Building your first Machine Learning Classifier in Python

Artificial Intelligence and Machine Lear... (27 Blogs) Become a Certified Professional

Machine Learning is the buzzword right now. Some incredible stuff is being done with the help of machine learning. From being our personal assistant, to deciding our travel routes, helping us shop, aiding us in running our businesses, to taking care of our health and wellness, machine learning is integrated to our daily existence at such fundamental levels, that most of the time we don’t even realize that we are relying on it. In this article, we will follow a beginner’s approach to implement standard a machine learning classifier in Python.

Overview of Machine Learning

Machine Learning is a concept which allows the machine to learn from examples and experience, and that too without being explicitly programmed. So instead of you writing the code, what you do is you feed data to the generic algorithm, and the algorithm/ machine builds the logic based on the given data.

Introduction to Machine Learning provides the foundational understanding of how this process works, enabling learners to grasp how machines derive logic from data without manual programming.

Machine Learning involves the ability of machines to take decisions, assess the results of their actions, and improve their behavior to get better results successively.

The learning process takes place in three major ways

Supervised Learning
Unsupervised Learning
Reinforcement Learning

A Template for Machine Learning Classifiers

Machine learning tools are provided quite conveniently in a Python library named as scikit-learn, which are very simple to access and apply.

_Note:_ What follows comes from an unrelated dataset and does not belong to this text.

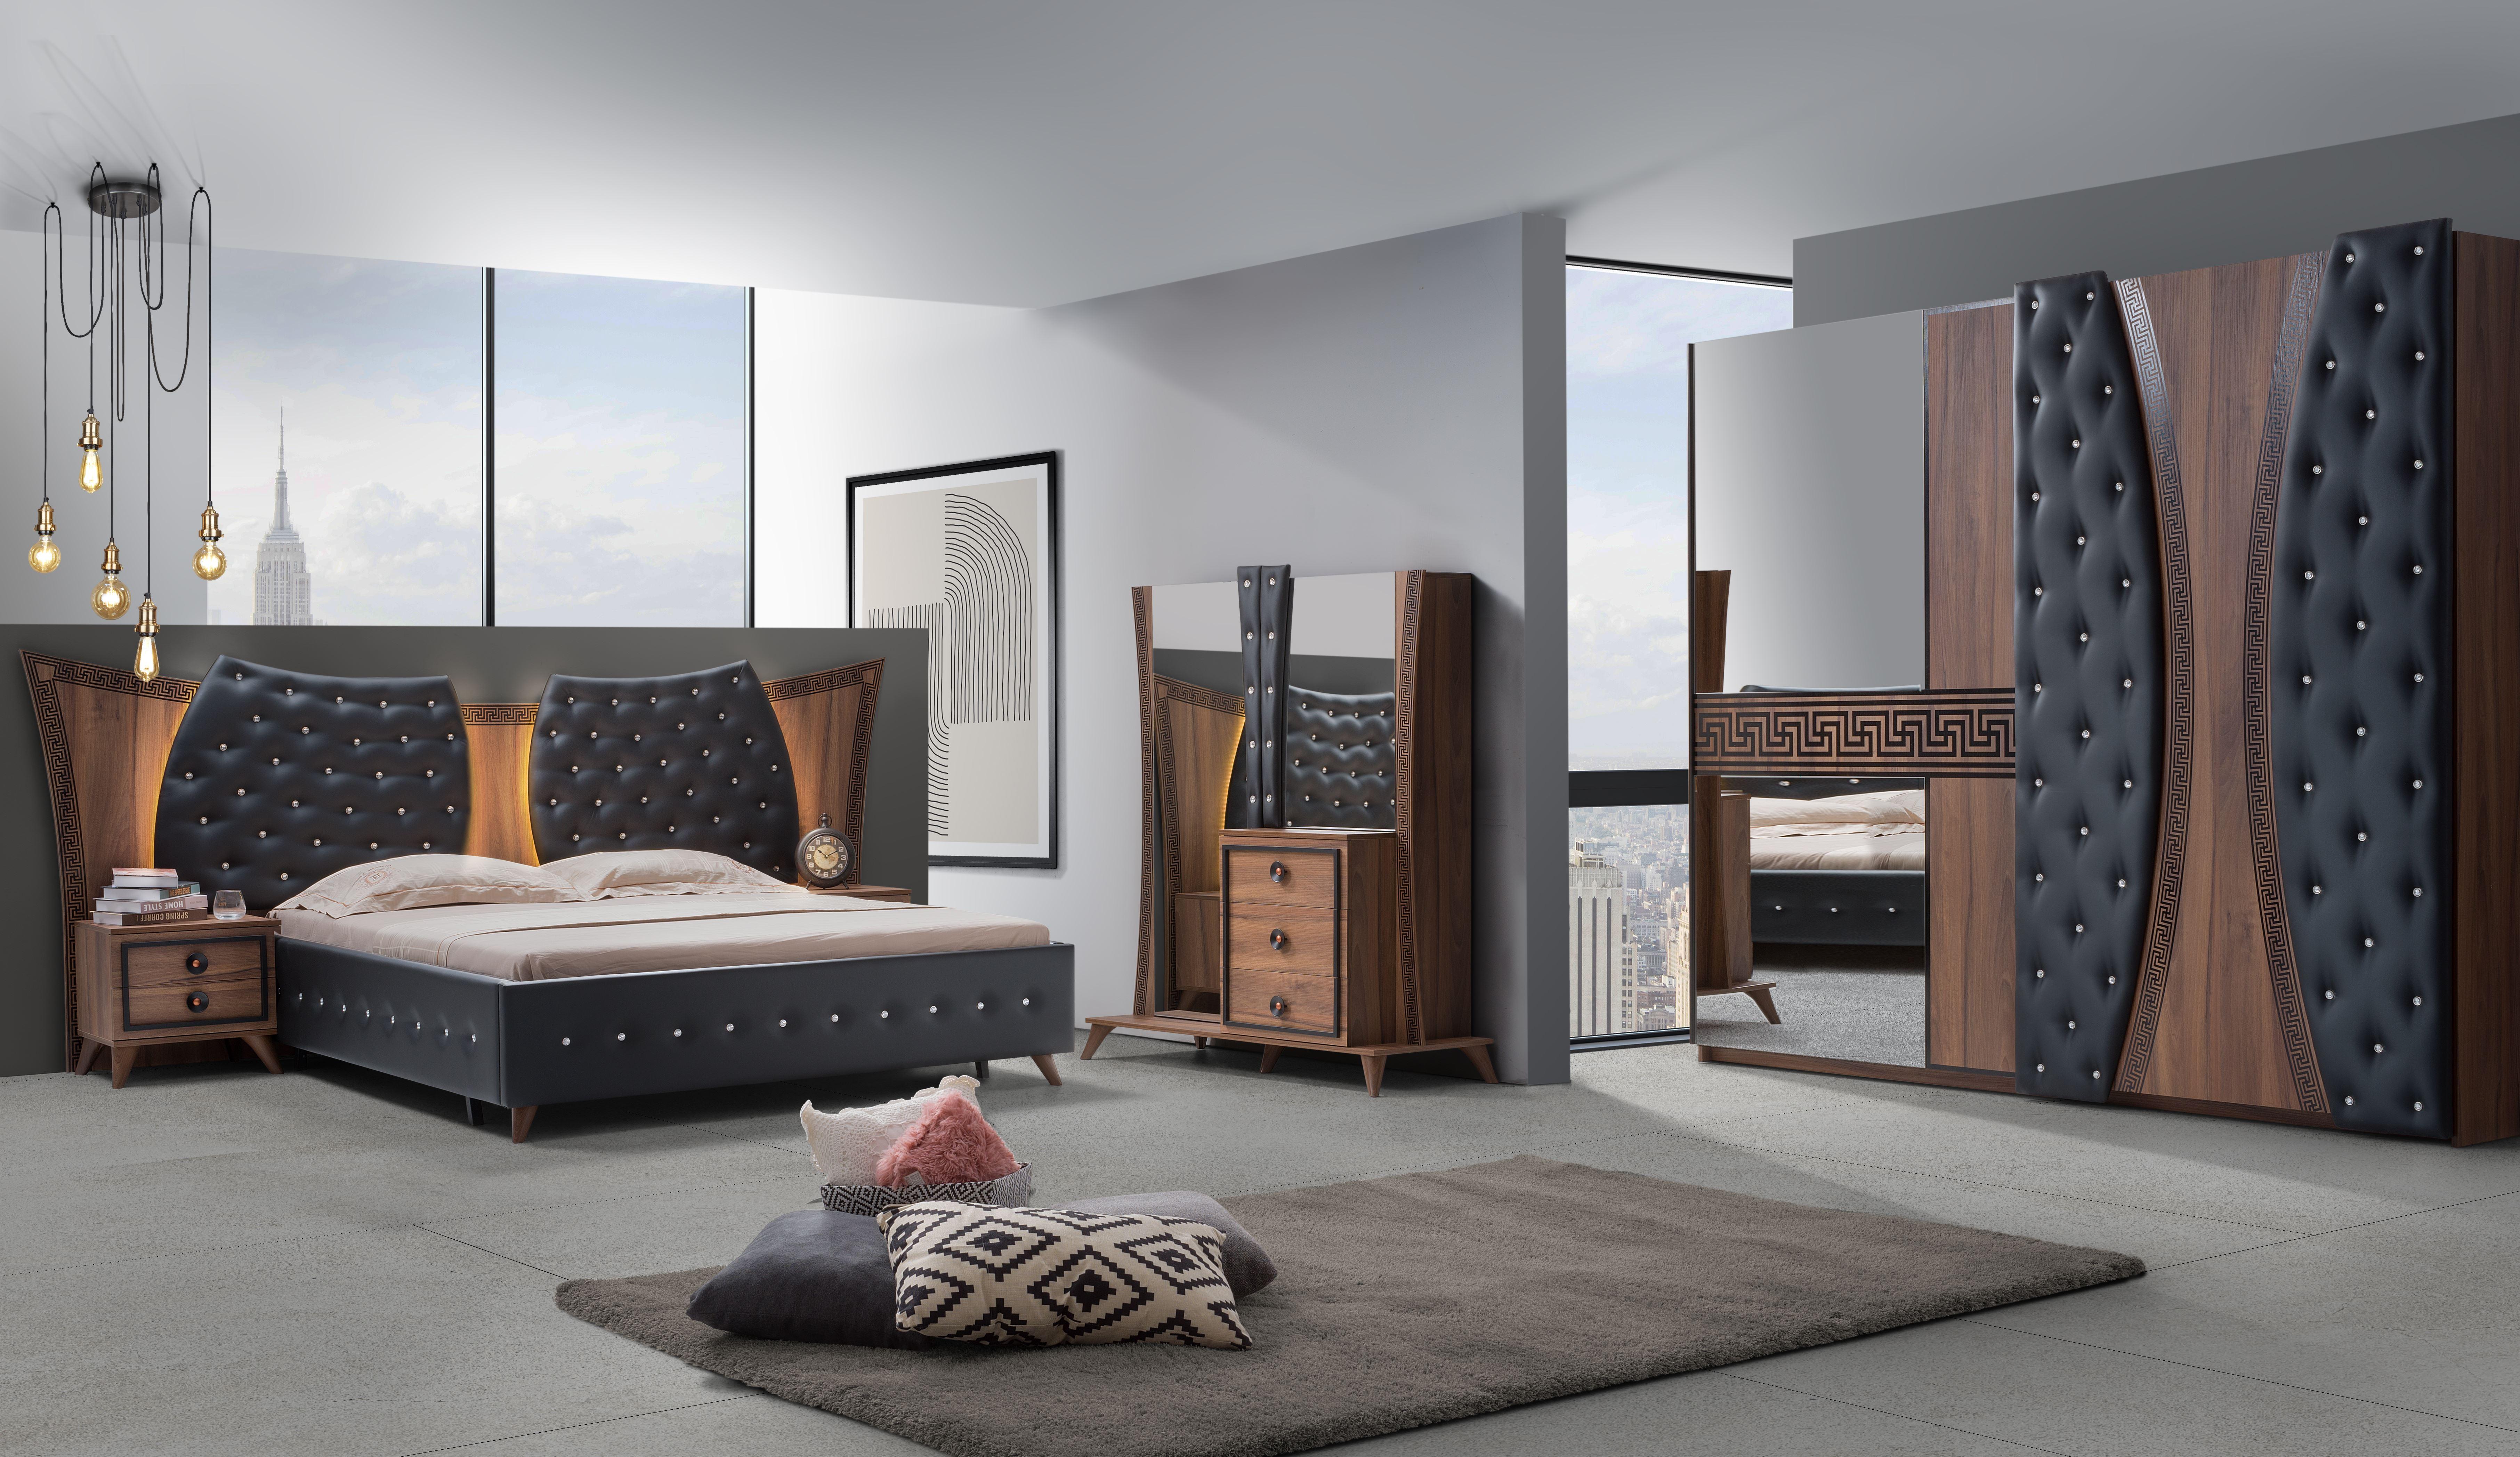 Barock Schlafzimmer Delia in Nussfarben 5-Teilig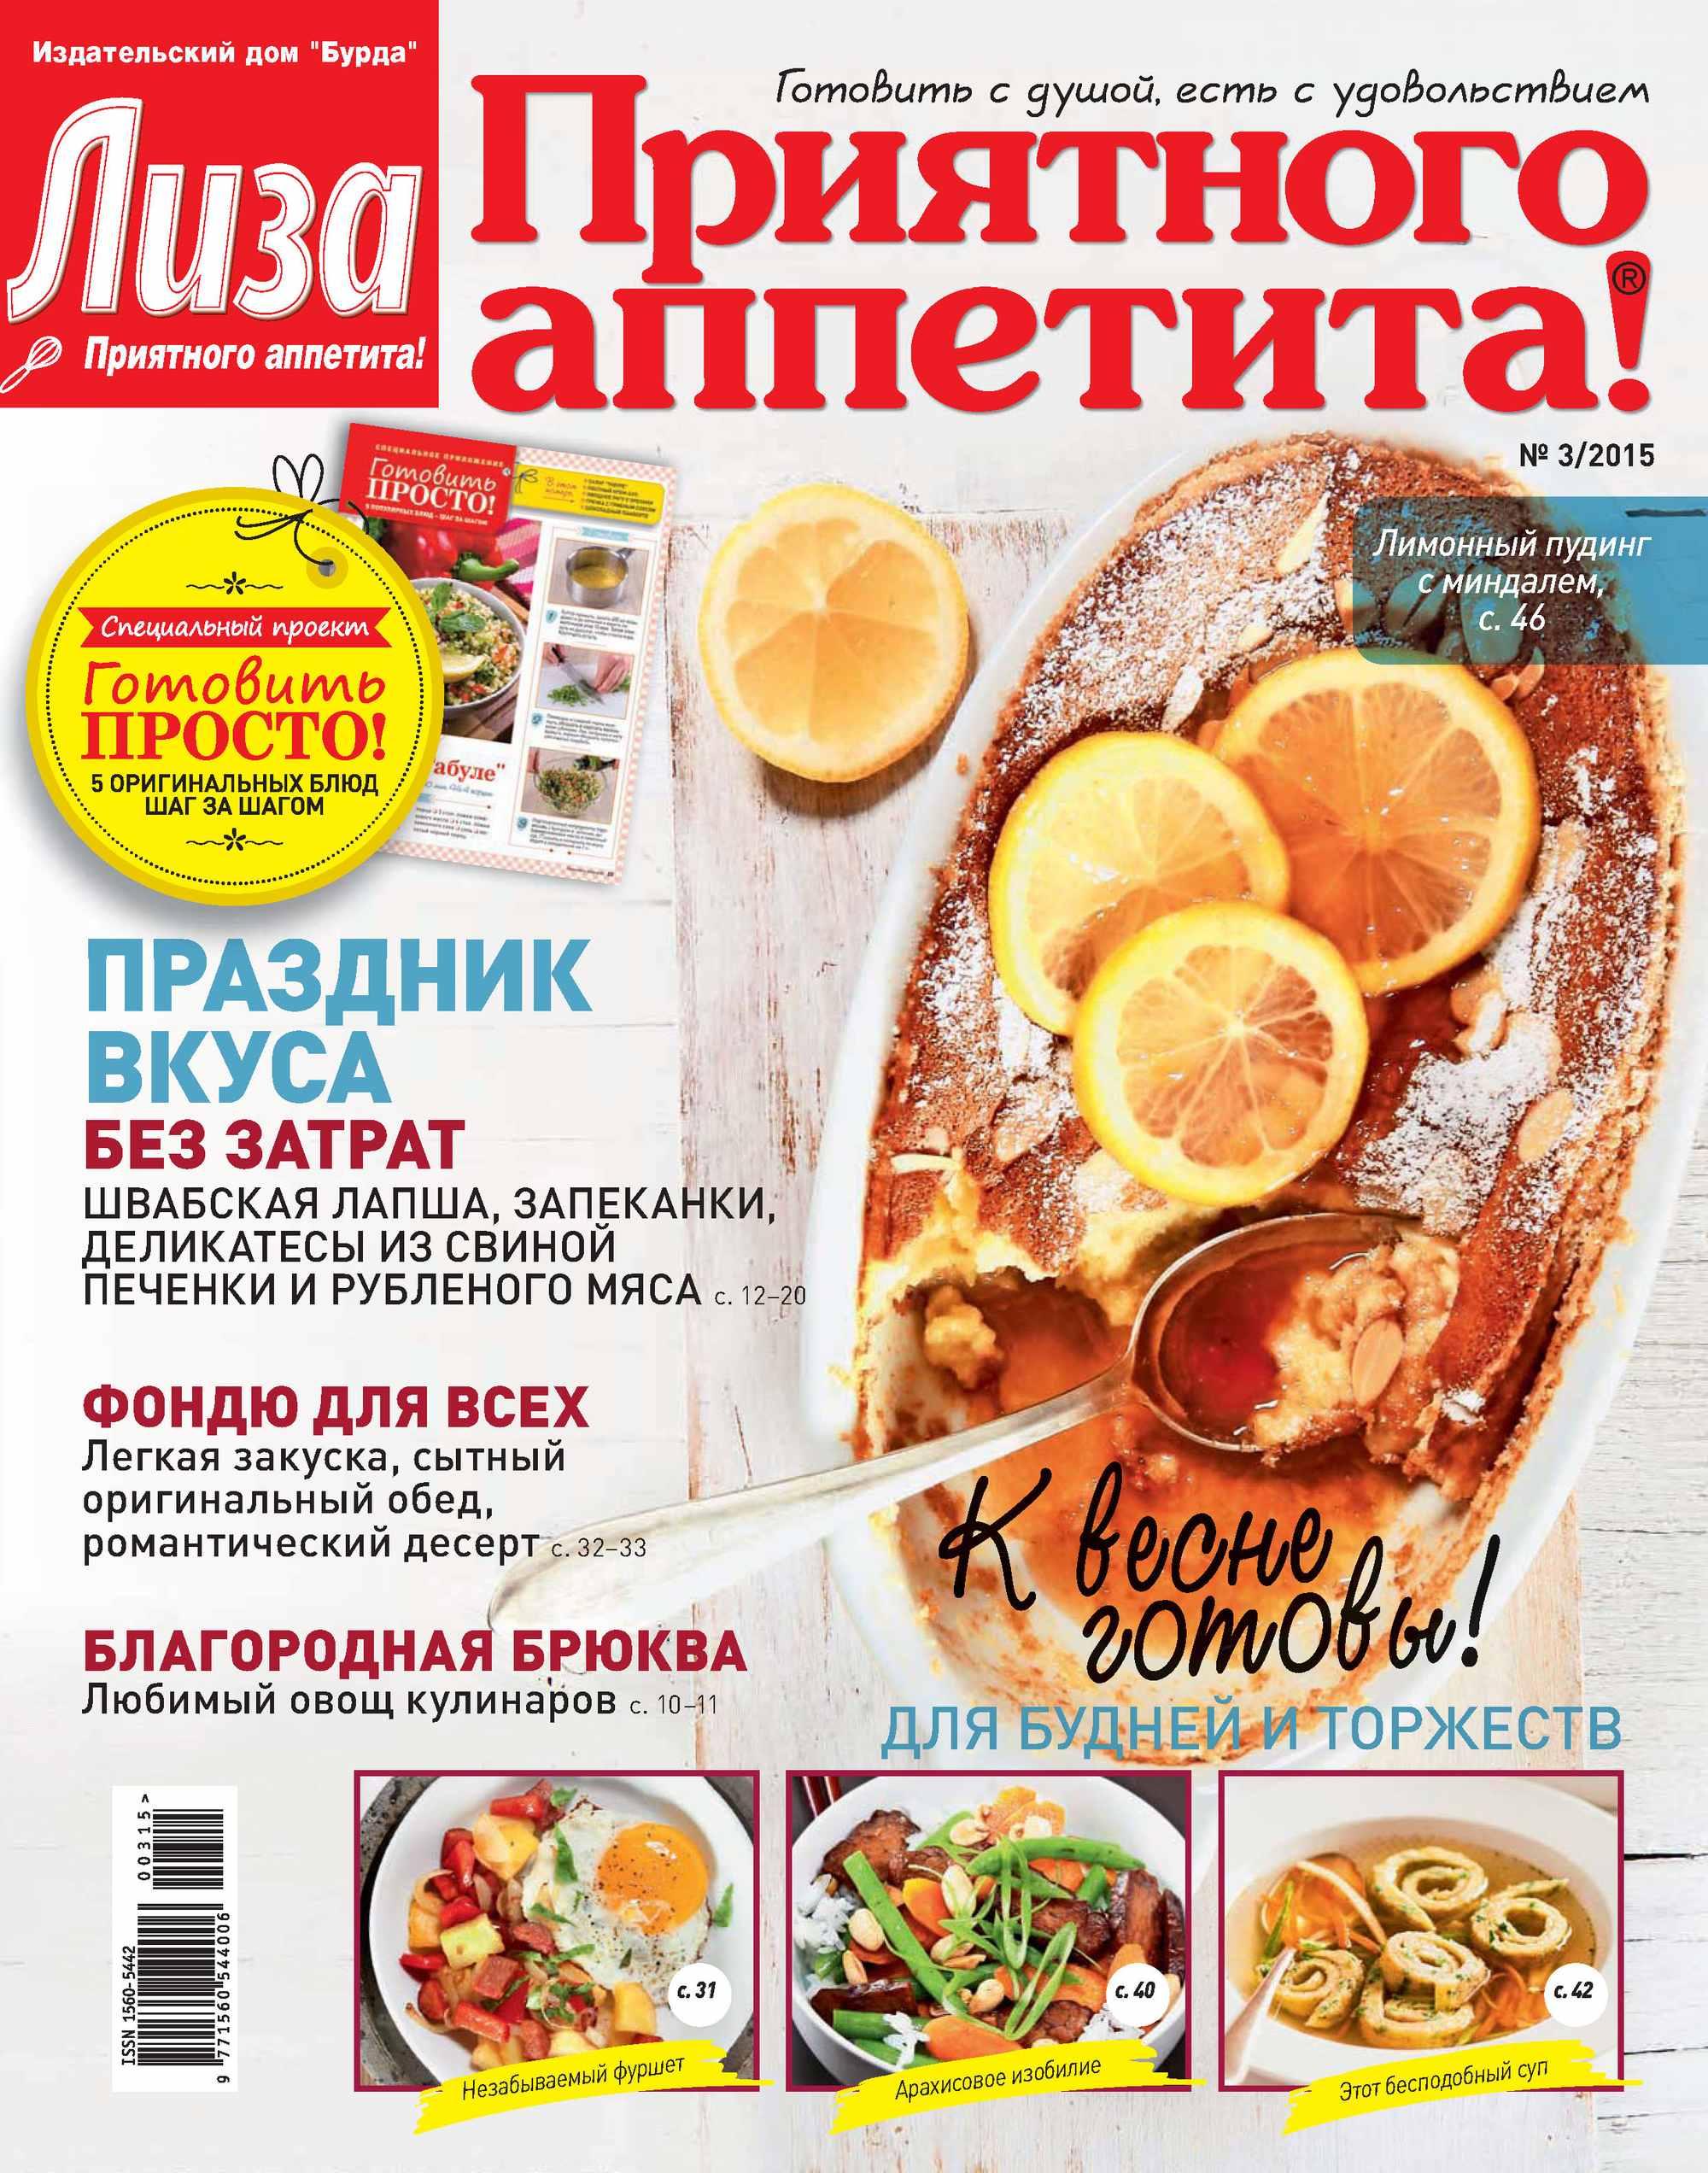 ИД «Бурда» Журнал «Лиза. Приятного аппетита» №03/2015 ид бурда журнал лиза приятного аппетита 04 2015

Install scikit-learn through the command prompt using:


pip install -U scikit-learn

If you are an anaconda user, on the anaconda prompt you can use:


conda install scikit-learn

The installation requires prior installation of NumPy and SciPy packages on your system.

Machine Learning Full Course – Learn Machine Learning 10 Hours | Machine Learning Tutorial | Edureka

This Edureka Machine Learning Full Course video will help you understand and learn Machine Learning Algorithms in detail. This Machine Learning Tutorial is ideal for both beginners as well as professionals who want to master Machine Learning Algorithms.

Preprocessing: The first and most necessary step in any machine learning-based data analysis is the preprocessing part. Correct representation and cleaning of the data is absolutely essential for the ML model to train well and perform to its potential.

Step 1 – Import necessary libraries


import numpy as np
import pandas as pd
import matplotlib.pyplot as plt

Step 2 – Import the dataset


dataset = pd.read_csv(<pathtofile>)

Then we split the dataset into independent and dependent variables. The independent variables shall be the input data, and the dependent variable is the output data.


X=dataset.iloc[<range of rows and input columns>].values
y=dataset.iloc[<range of rows and output column>].values

Step 3 – Handle missing data

The dataset may contain blank or null values, which can cause errors in our results. Hence we need to deal with such entries. A common practice is to replace the null values with a common value, like the mean or the most frequent value in that column.


from sklearn.preprocessing import Imputer
imputer=Imputer(missing_values="NaN", strategy="mean", axis=0)
imputer=imputer.fit(X[<range of rows and columns>])
X[<range of rows and columns>]=imputer.transform(X[<range of rows and columns>])

Step 4 – Convert categorical variables to numeric variables


from sklearn.preprocessing import LabelEncoder
le_X=LabelEncoder()
X[<range of rows and columns>]=le_X.fit_transform(X[<range of rows and columns>])
labelencoder_y = LabelEncoder()
y = labelencoder_y.fit_transform(y)

Now, after encoding, it might happen that the machine assumes the numeric data as a ranking for the encoded columns. Thus, to provide equal weight, we have to convert the numbers to one-hot vectors, using the OneHotEncoder class.


from sklearn.preprocessing import OneHotEncoder
oneHE=OneHotEncoder(categorical_features=[<range of rows and columns>])
X=oneHE.fit_transform(X).toarray()

Step 5 – Perform scaling

This step is to deal with discrepancies arising out of mismatched scales of the variables. Hence, we scale them all to the same range, so that they receive equal weight while being input to the model. We use an object of the StandardScaler class for this purpose.


from sklearn.preprocessing import StandardScaler
sc_X=StandardScaler()
X=sc_X.fit_transform(X)

Step 6 – Split the dataset into training and testing data

As the last step of preprocessing, the dataset needs to be divided into a training set and test set. The standard ratio of the train-test split is 75%-25%. We can modify as per requirements. The train_test_split() function can do this for us.


from sklearn.model_selection import train_test_split
X_train,X_test,y_train,y_test=train_test_split(X,y,test_size=0.25)

Model Building: This step is actually quite simple. Once we decide which model to apply on the data, we can create an object of its corresponding class, and fit the object on our training set, considering X_train as the input and y_train as the output.


from sklearn.<class module> import <model class>
classifier = <model class>(<parameters>)
classifier.fit(X_train, y_train)

The model is now trained and ready. We can now apply our model to the test set, and find predicted output.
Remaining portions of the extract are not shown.